*Your objective:* Transcribe the whole listing exactly; the images stay out.

*Raw data:*
+---+

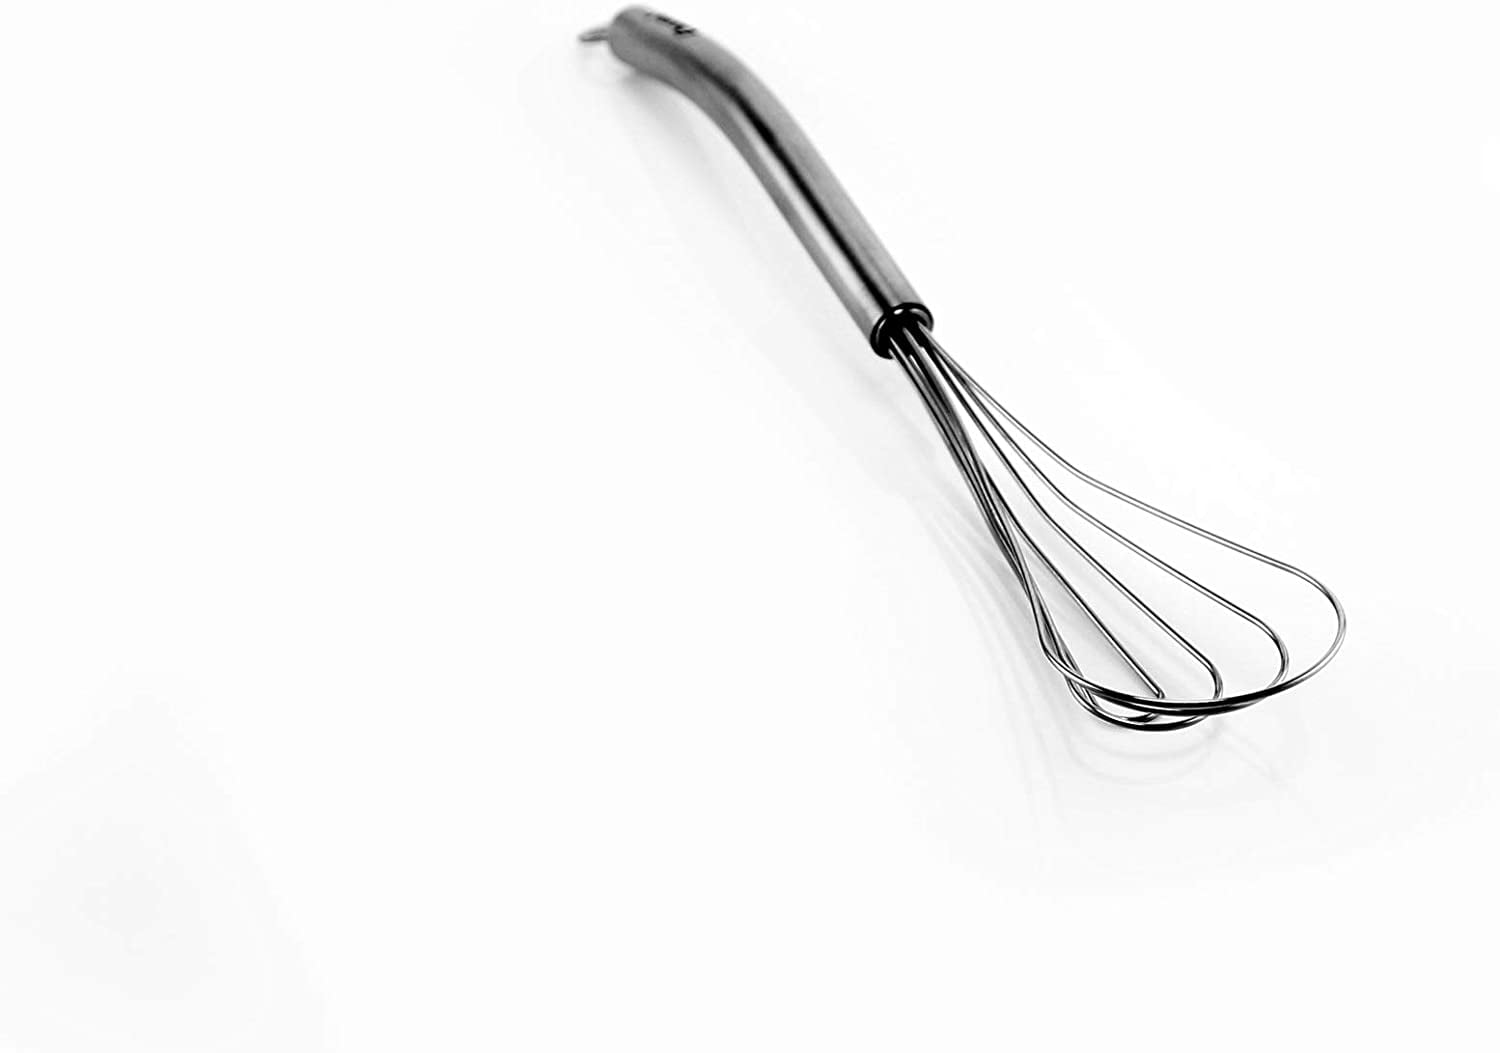 8-Inch 304 Stainless Steel wire whisk Rust resistant and nonstick
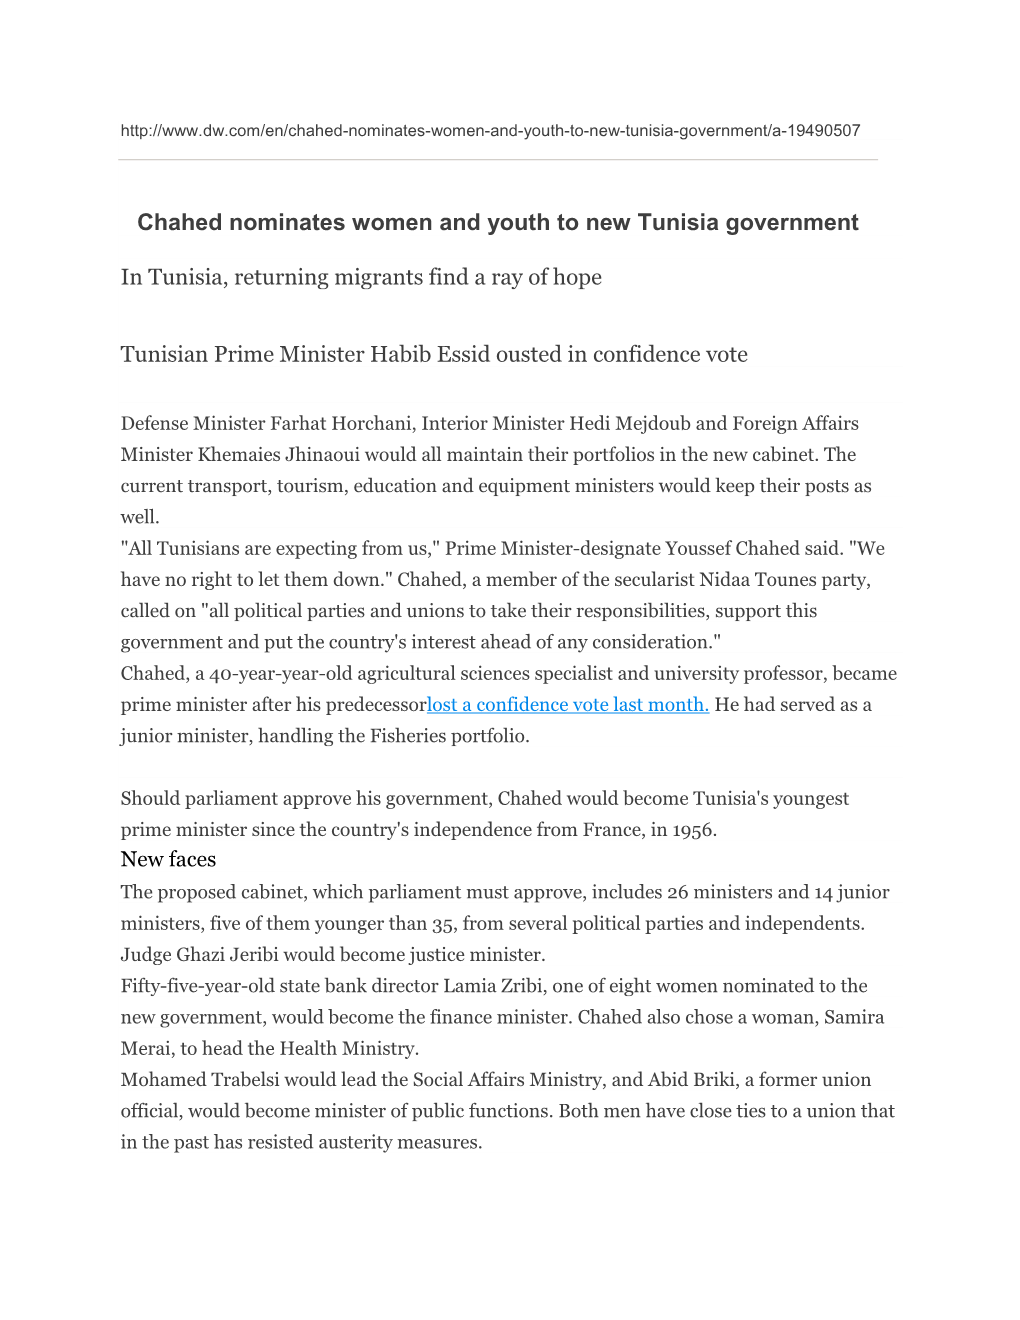 Chahed Nominates Women and Youth to New Tunisia Government
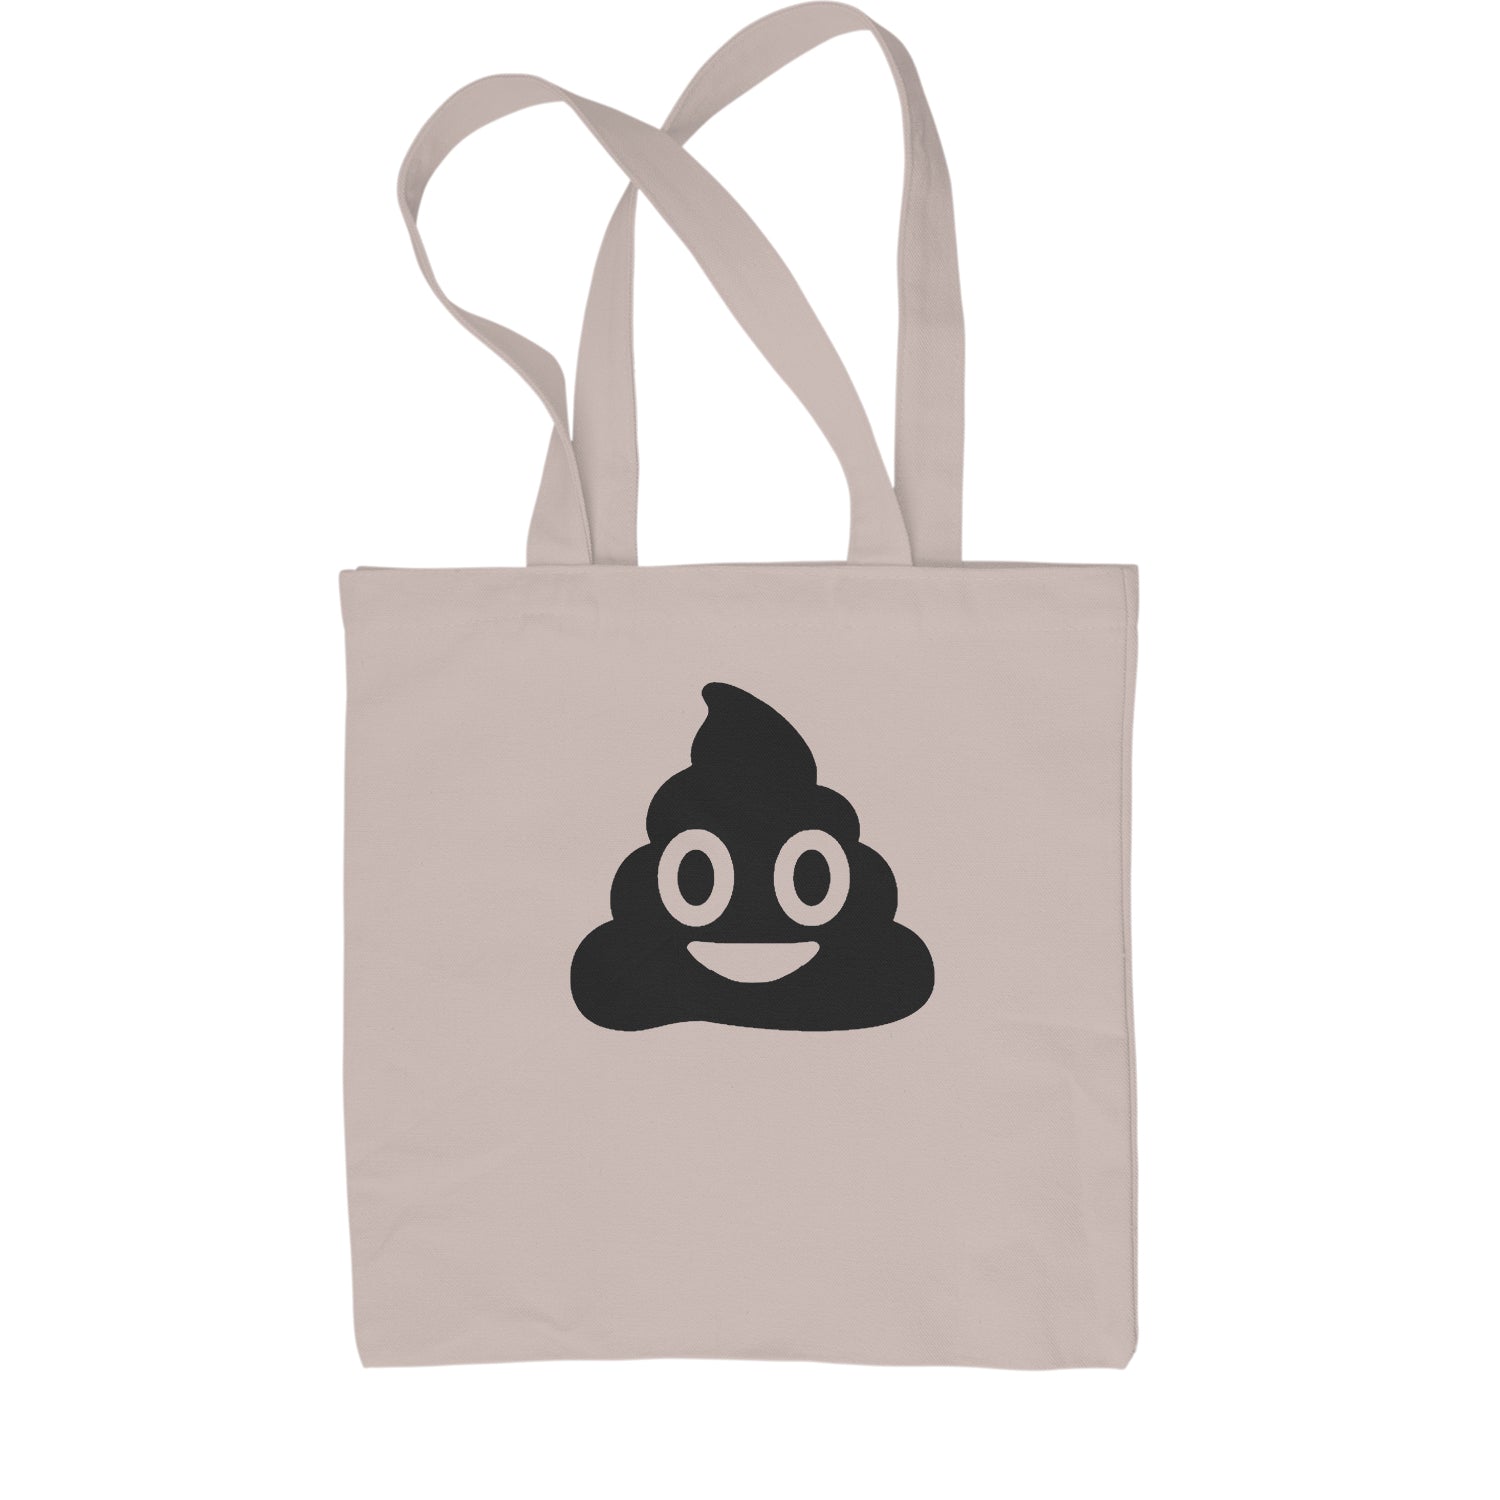 Emoticon Poop Face Smile Face Shopping Tote Bag cosplay, costume, dress, emoji, emote, face, halloween, smiley, up, yellow by Expression Tees

+---+

*Worked solution:*
 8-Inch 304 Stainless Steel wire whisk Rust resistant and nonstick
 Chahed Nominates Women and Youth to New Tunisia Government
 Emoticon Poop Face Smile Face Shopping Tote Bag cosplay, costume, dress, emoji, emote, face, halloween, smiley, up, yellow by Expression Tees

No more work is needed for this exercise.